Devastating events like the
COVID-19 pandemic can no longer be considered rare, once-a-century occurrences.
The number and diversity of infectious disease outbreaks has risen since 1980,
with more than half caused by zoonotic diseases (that is, disease originating
in animals and transmitted to humans). Zoonoses put the human population in
danger of pandemics, a danger we should expect to increase as a changing
climate alters animal migrations and behaviors and humans continue to push
their built environment into more remote spaces. There is immense,
uncharacterized diversity within the 26 virus families and the many phyla of
bacteria and other microbes known to infect humans. The world’s ability to
predict which of these viruses and microbes are most likely to cause human
disease is woefully inadequate.
In response to these
growing biological concerns, we have seen many welcome advances in research. We
live in a time of revolutionary advances in the life sciences and associated
technologies. No doubt some of these could lead to better health outcomes
for all. Researchers can engineer living things to acquire new traits with
increasing ease and reliability, especially viruses that can be
synthesized de novo in the laboratory. Such capabilities
inevitably lead to dual-use concerns. But as life sciences and associated
technologies advance faster and faster, they outrace oversight regimes,
strategies for risk assessment and risk mitigation, and the establishment of
norms for scientific pursuit.
These are not idle
concerns. Laboratory accidents occur frequently. Laboratory biosafety and
biosecurity programs are challenged by human error, confusion about lab safety
requirements, limited understanding of novel disease characteristics, poor
appreciation for the risks associated with some research, and lack of local
government knowledge about the types of research occurring in labs in their
jurisdictions.
Leaders around the world
must confront the possibility of global catastrophic biological risks. Sudden,
extraordinary, widespread disasters may test or exceed the collective
capability of national and international governments and the private sector to
control. Cooperation in biosecurity is necessary now more than ever.
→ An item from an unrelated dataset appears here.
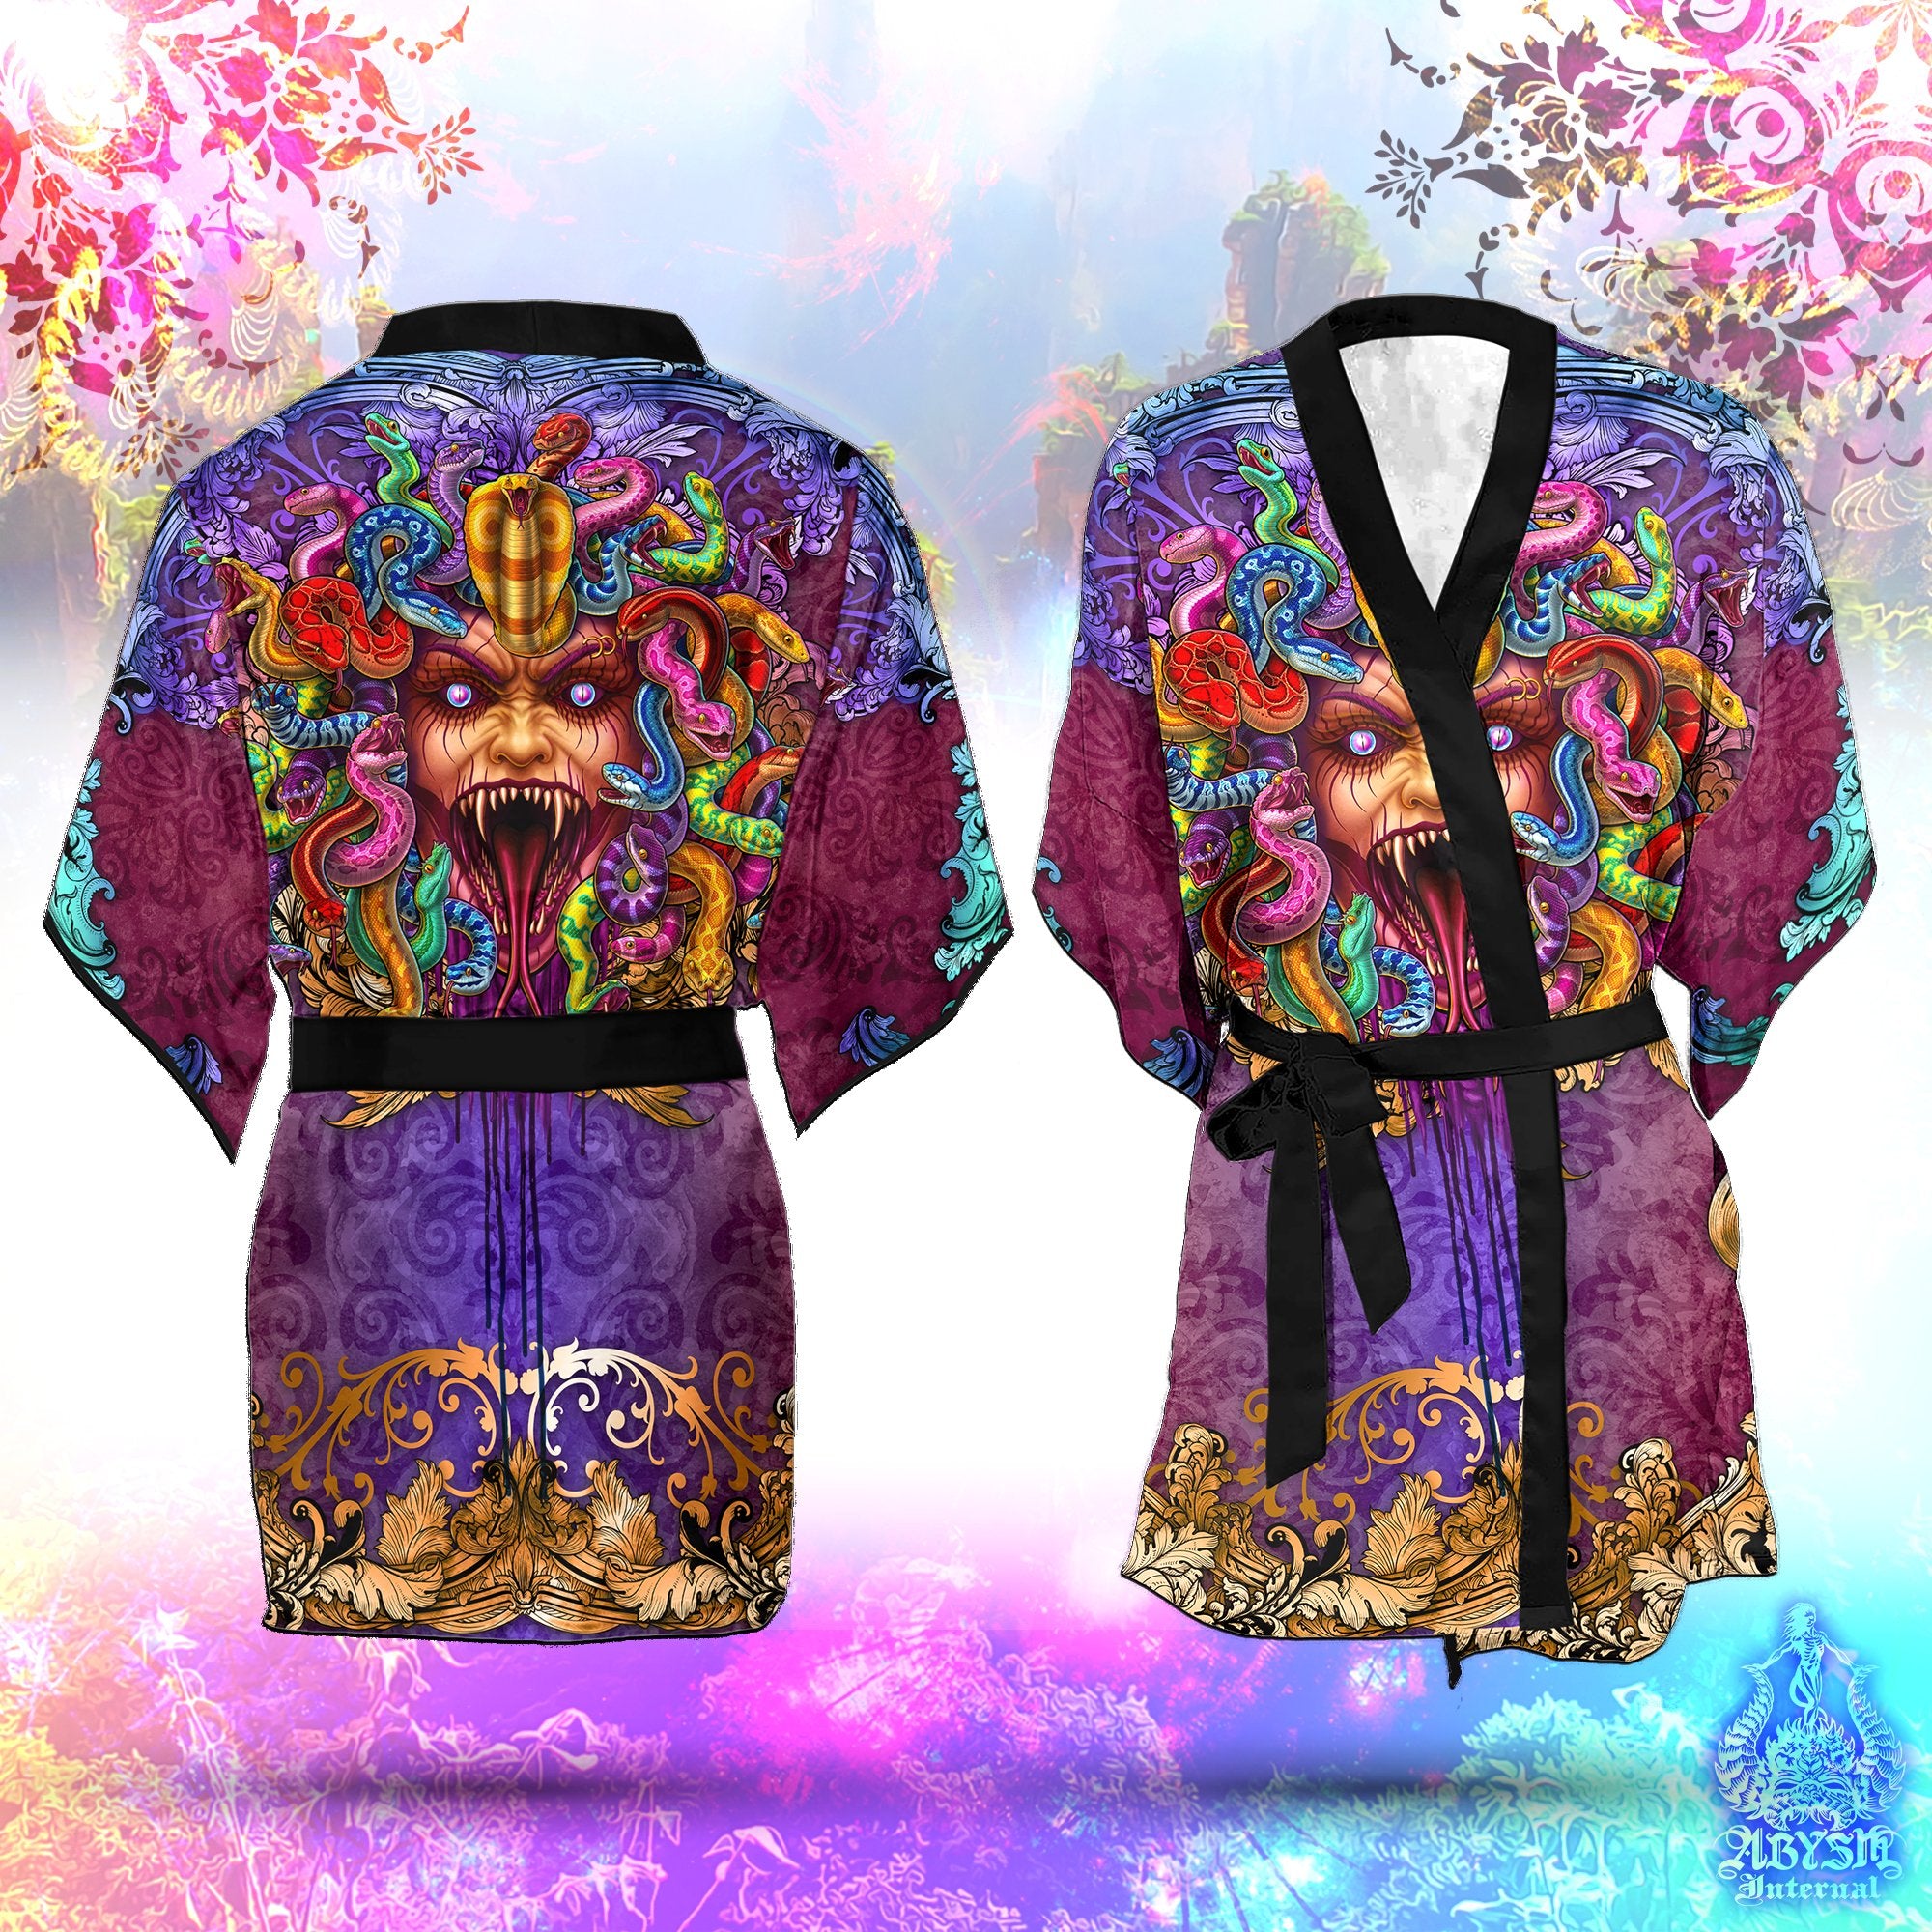 Rave Short Kimono Robe, Beach Party Outfit, Psychedelic Medusa Coverup, Summer Festival, Indie and Alternative Clothing, Unisex - Psy, 2 Faces - Abysm Internal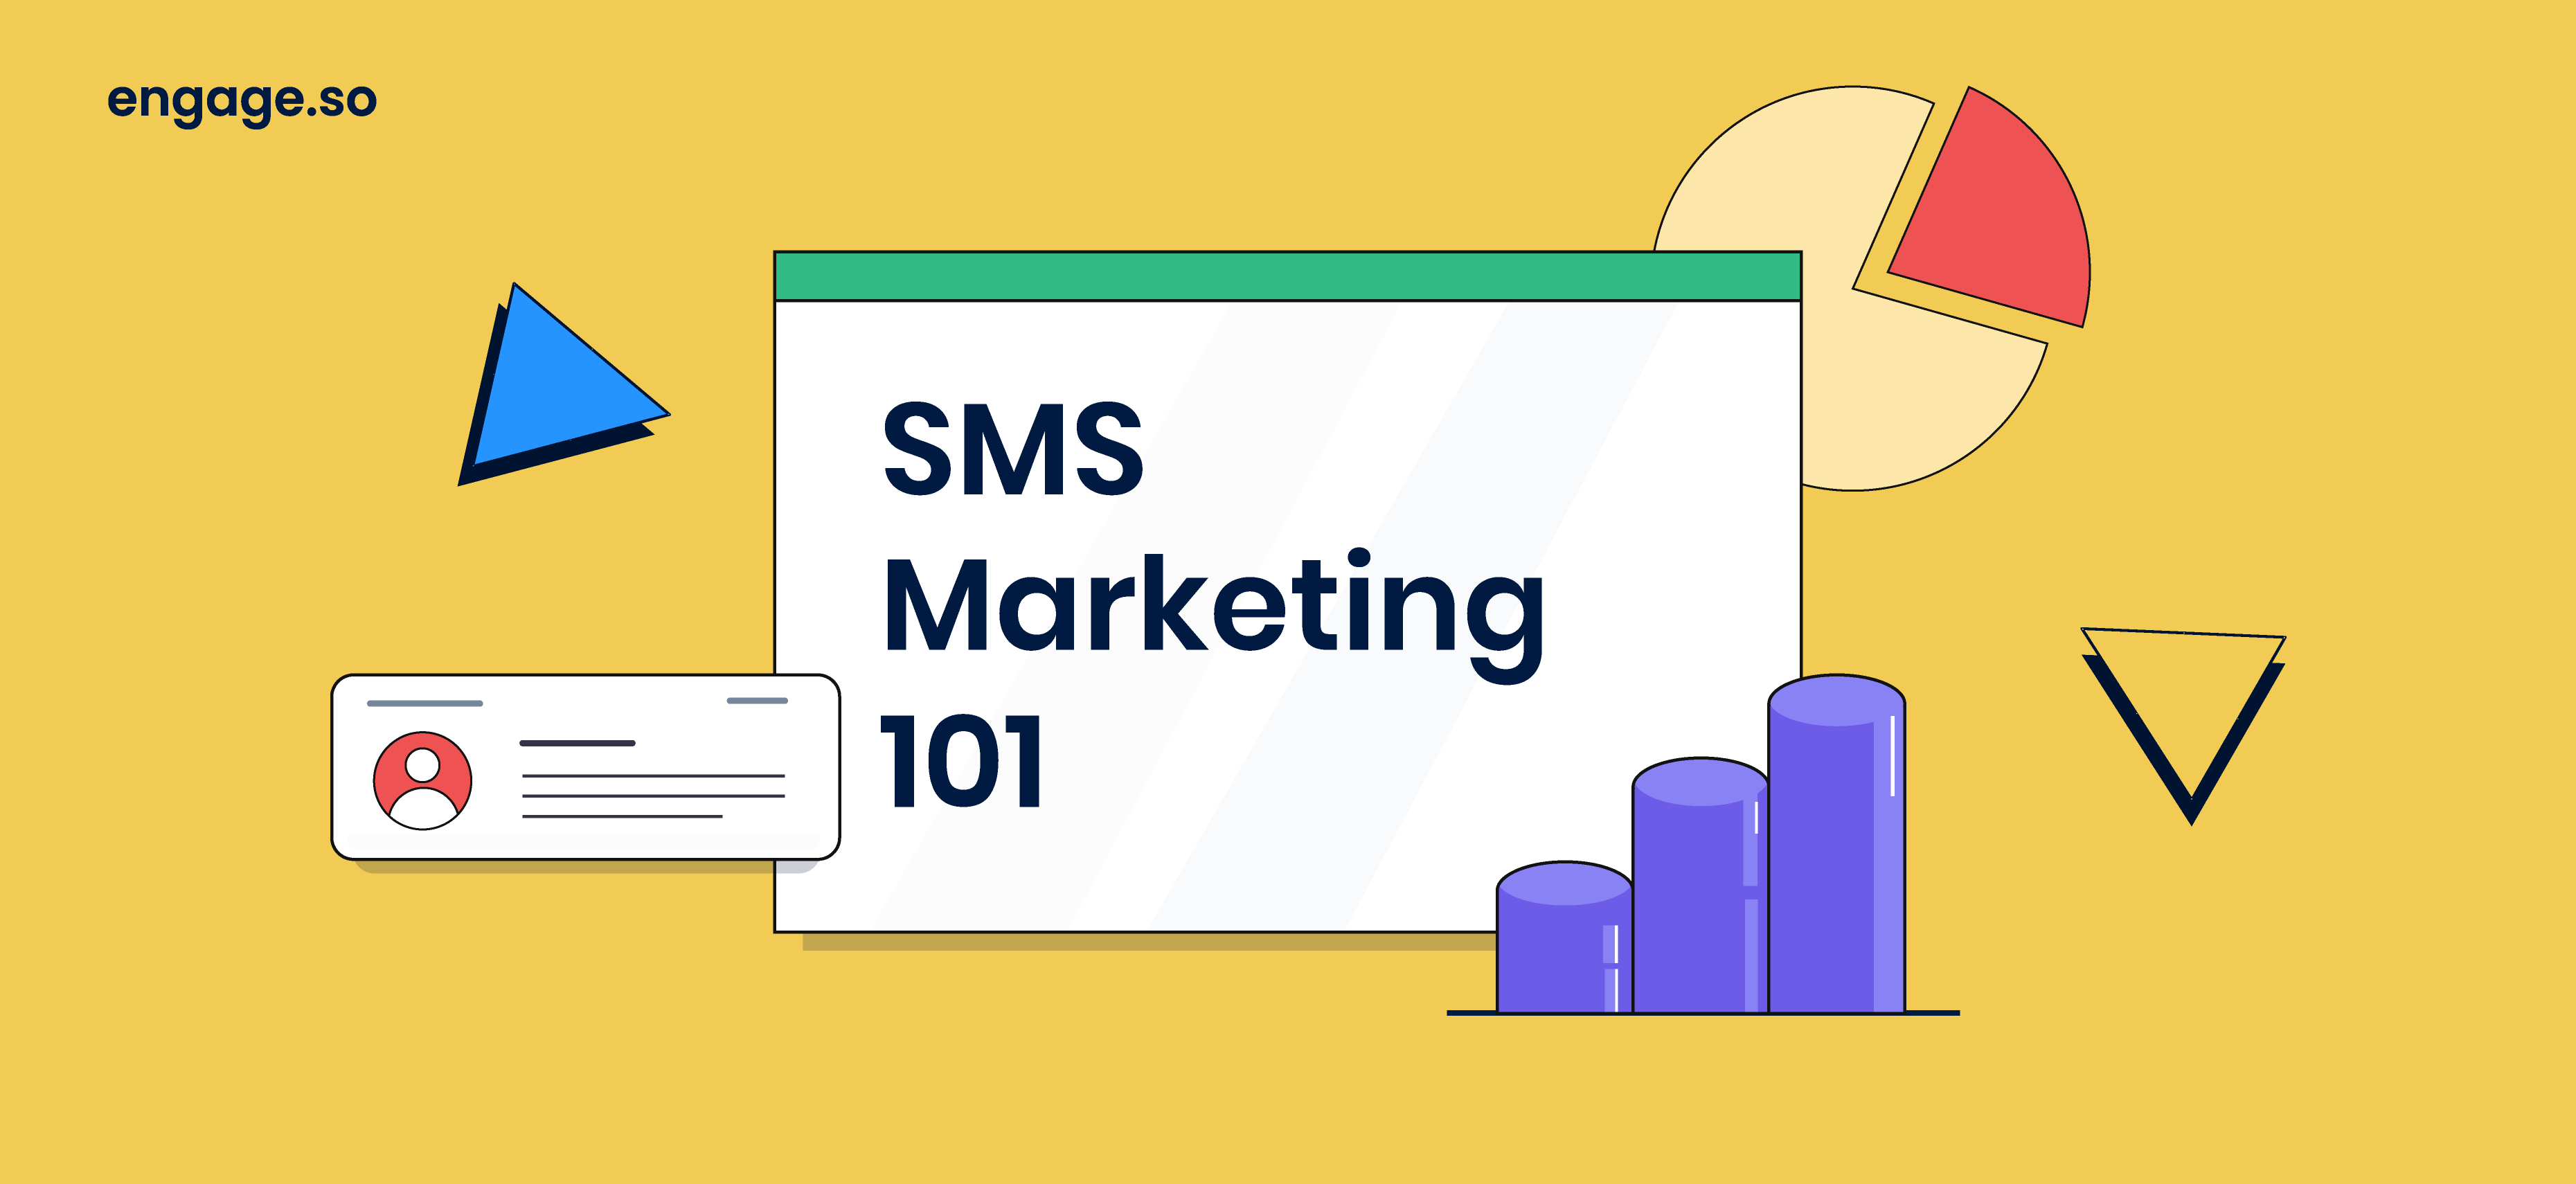 SMS Marketing 101: Introduction to SMS Marketing for Business Owners

There are several important
efforts to advance global regulation and cooperation in life sciences
research. In September, the World Health Organization released a “Global guidance framework for the
responsible use of the life sciences: mitigating biorisks and
governing dual-use research.” Similarly, in October, the White House
released an updated “National Biodefense Strategy and
Implementation Plan,” which takes an all-of-government approach that
could serve as a model for others. Both are worthy efforts.
However, much more is
required. If we are to reduce these risks, all nations and national governments
must make biosecurity a top priority. Every country must:
·
Make greater investments in public health;
·
Develop, test, and optimize oversight regimes for risky research;
·
Eliminate biological agents intended as weapons and dismantle programs
producing them;
·
Identify outbreaks before they become epidemics and pandemics;
·
Share data, analytics, and intelligence on biological events; and
·
Identify and attribute biological events quickly.
If countries around the
world cooperate on global health and biosecurity strategies and make
investments in science, technology, research, and development in the
biosecurity sector, we can minimize debilitating illness, widespread death, and
disease-induced disasters.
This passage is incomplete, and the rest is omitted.